Exchanging lim and inf when rewriting $\inf\{t>0:\forall ε>0,S_t\cap B(x_0,ε)\subset S\cap B(x_0,ε)\}$

Question

How can I prove that $$\inf\{t>0: \forall ε>0, S_t \cap B(x_0,ε) \subset S\cap B(x_0,ε)\} \\= \lim_{ε \to 0}\inf\{t>0: S_t \cap B(x_0,ε) \subset S \cap B(x_0,ε) \},$$ where $S$, $S_t\ (t \ge 0)$ are closed sets in $\mathbb{R}^n$.

Answer 1

The question assumes that the assertion is true, which it is not. Let me give a one-dimensional counterexample.
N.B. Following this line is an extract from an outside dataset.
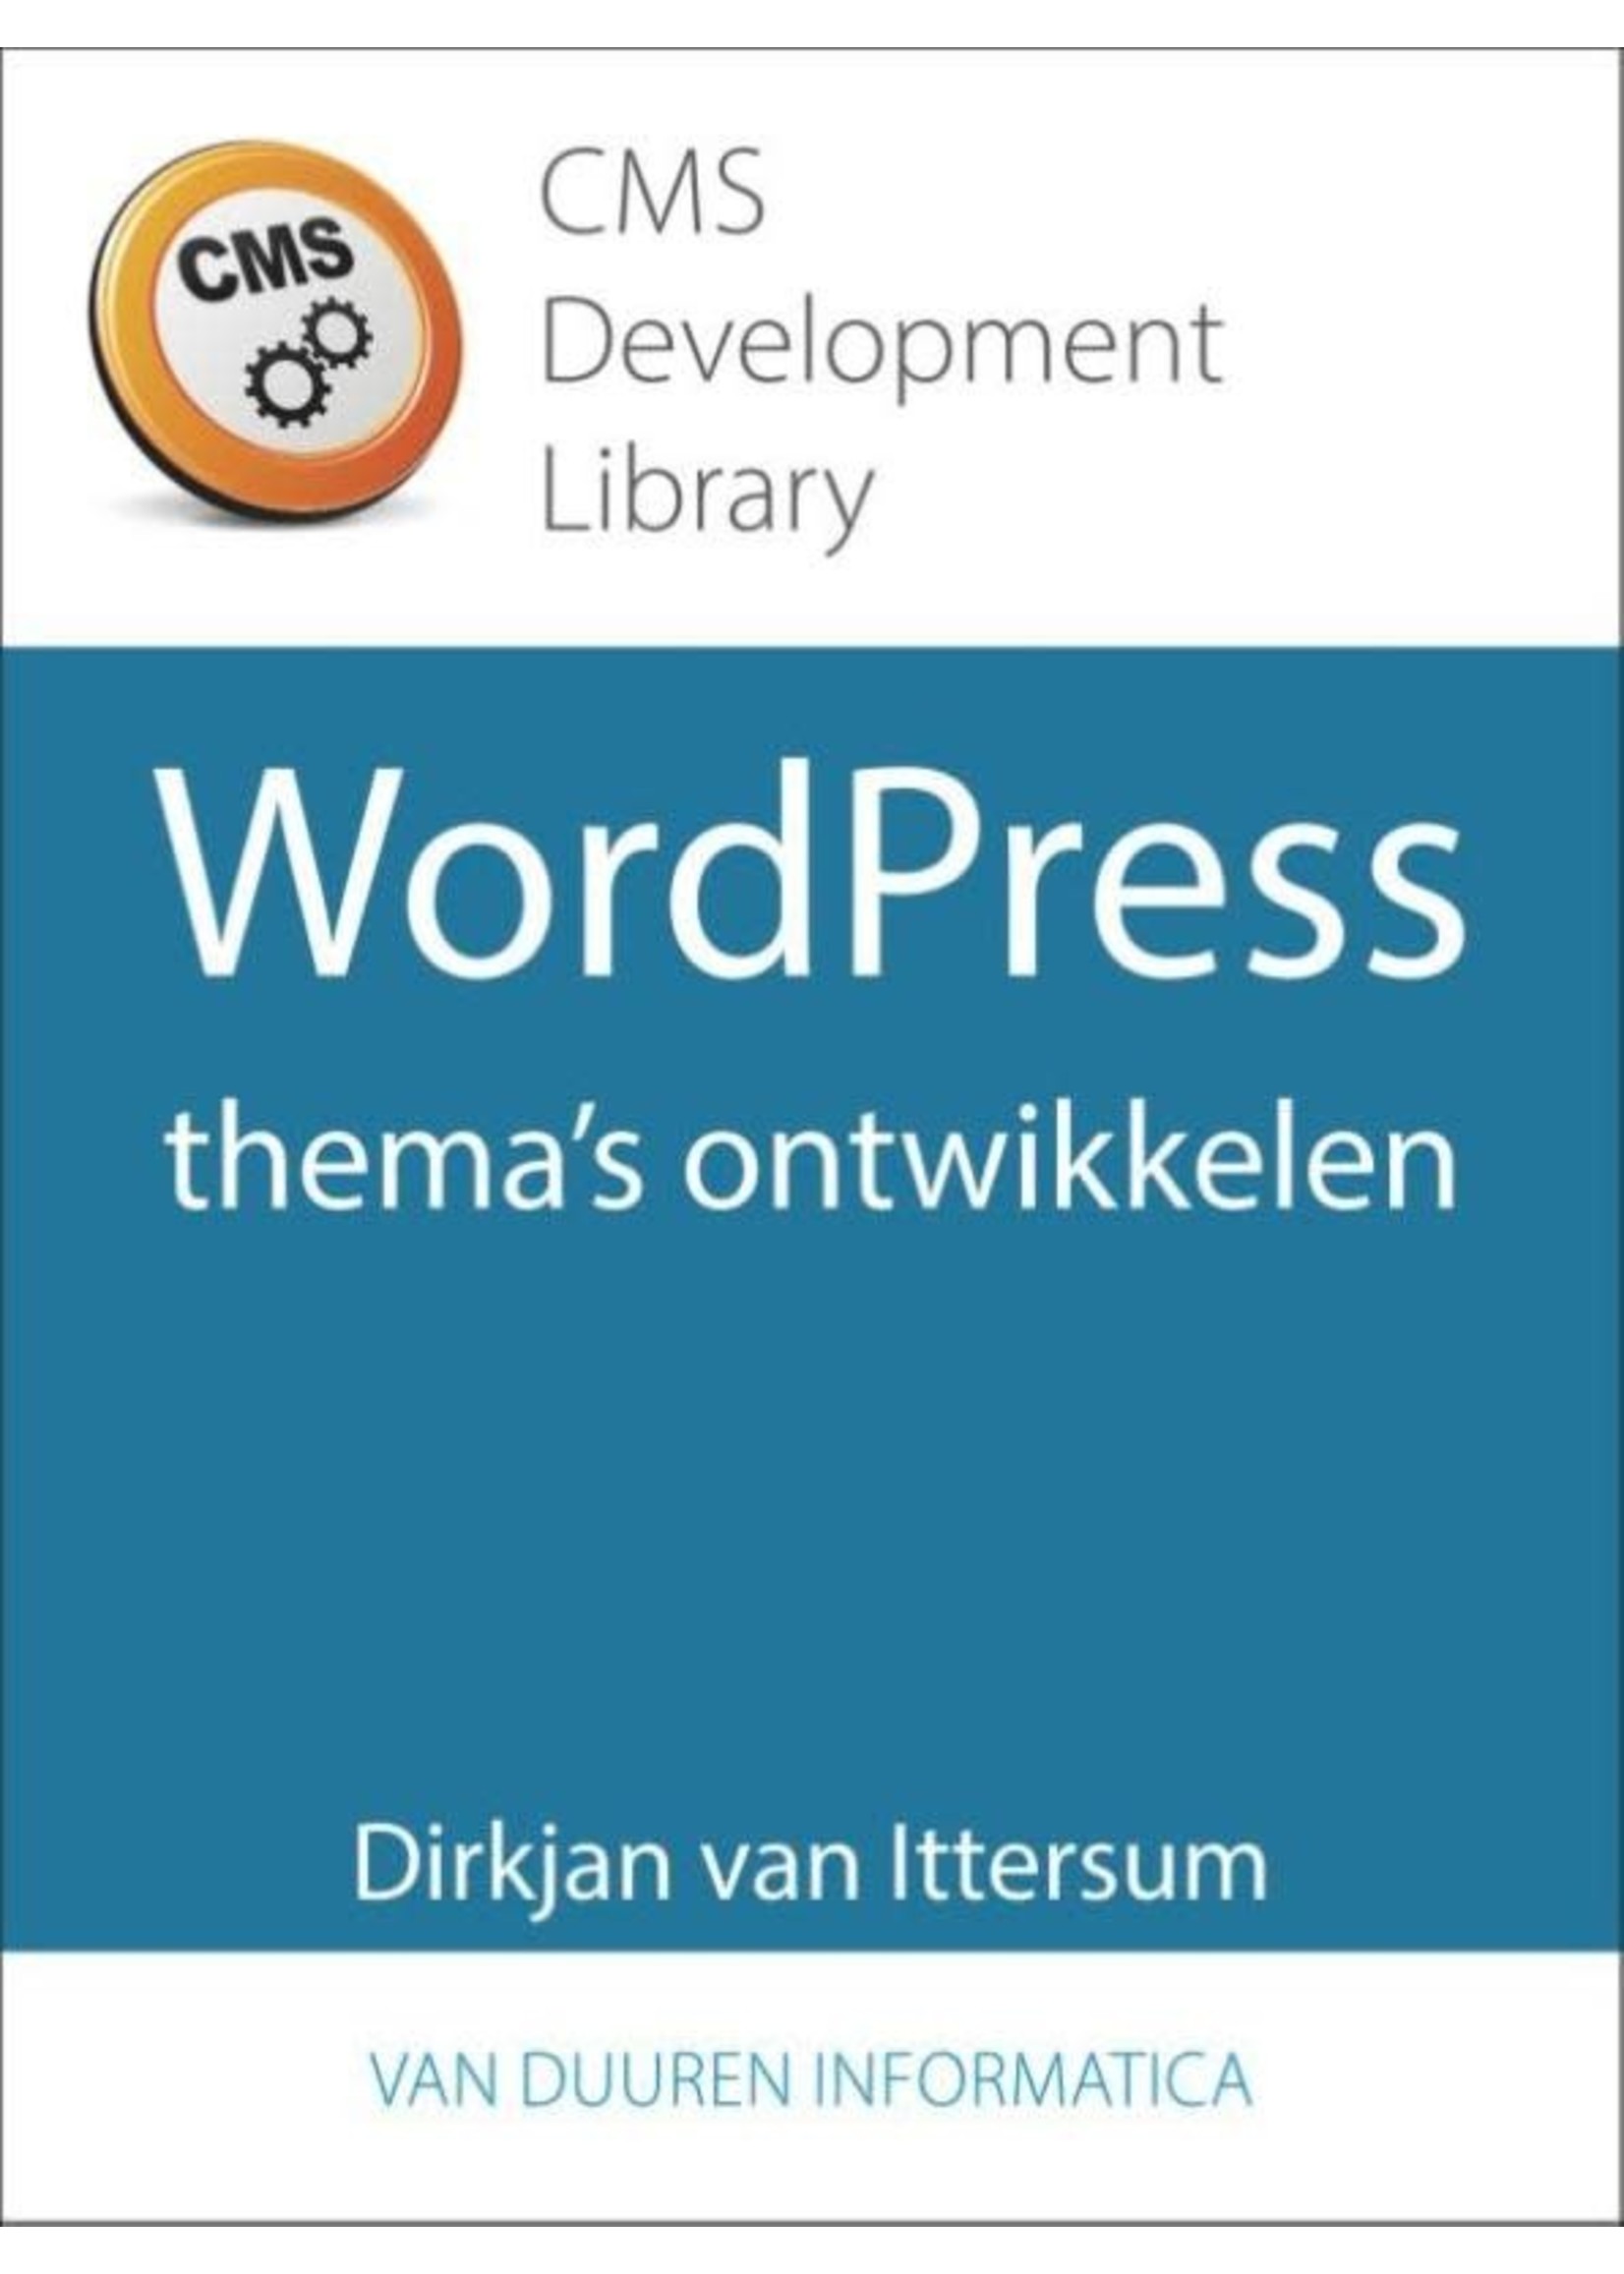 Boek WordPress-thema's ontwikkelen - Dirkjan van Ittersum - CMS Development Library - 9789059408418

Let $x_0=0$, $S=[0,1] \cup \{2\}$, $S_t = \mathbb{R}$. Then: $$\inf\{t>0: \forall ε>0, [-ε,ε] \subset S \cap [-ε,ε]\} = \infty,$$ since the condition is not true for $ε>1$. However, $$\lim_{ε \to 0}\inf\{t>0: [-ε,ε] \subset S \cap [-ε,ε] \} = 0.$$ If you dislike the convention that $\inf \emptyset = \infty$, you can take $S_1 = S$ (while keeping the other $S_t$ equal to $\mathbb{R}$) to get $1$ instead of $\infty$ for the first expression.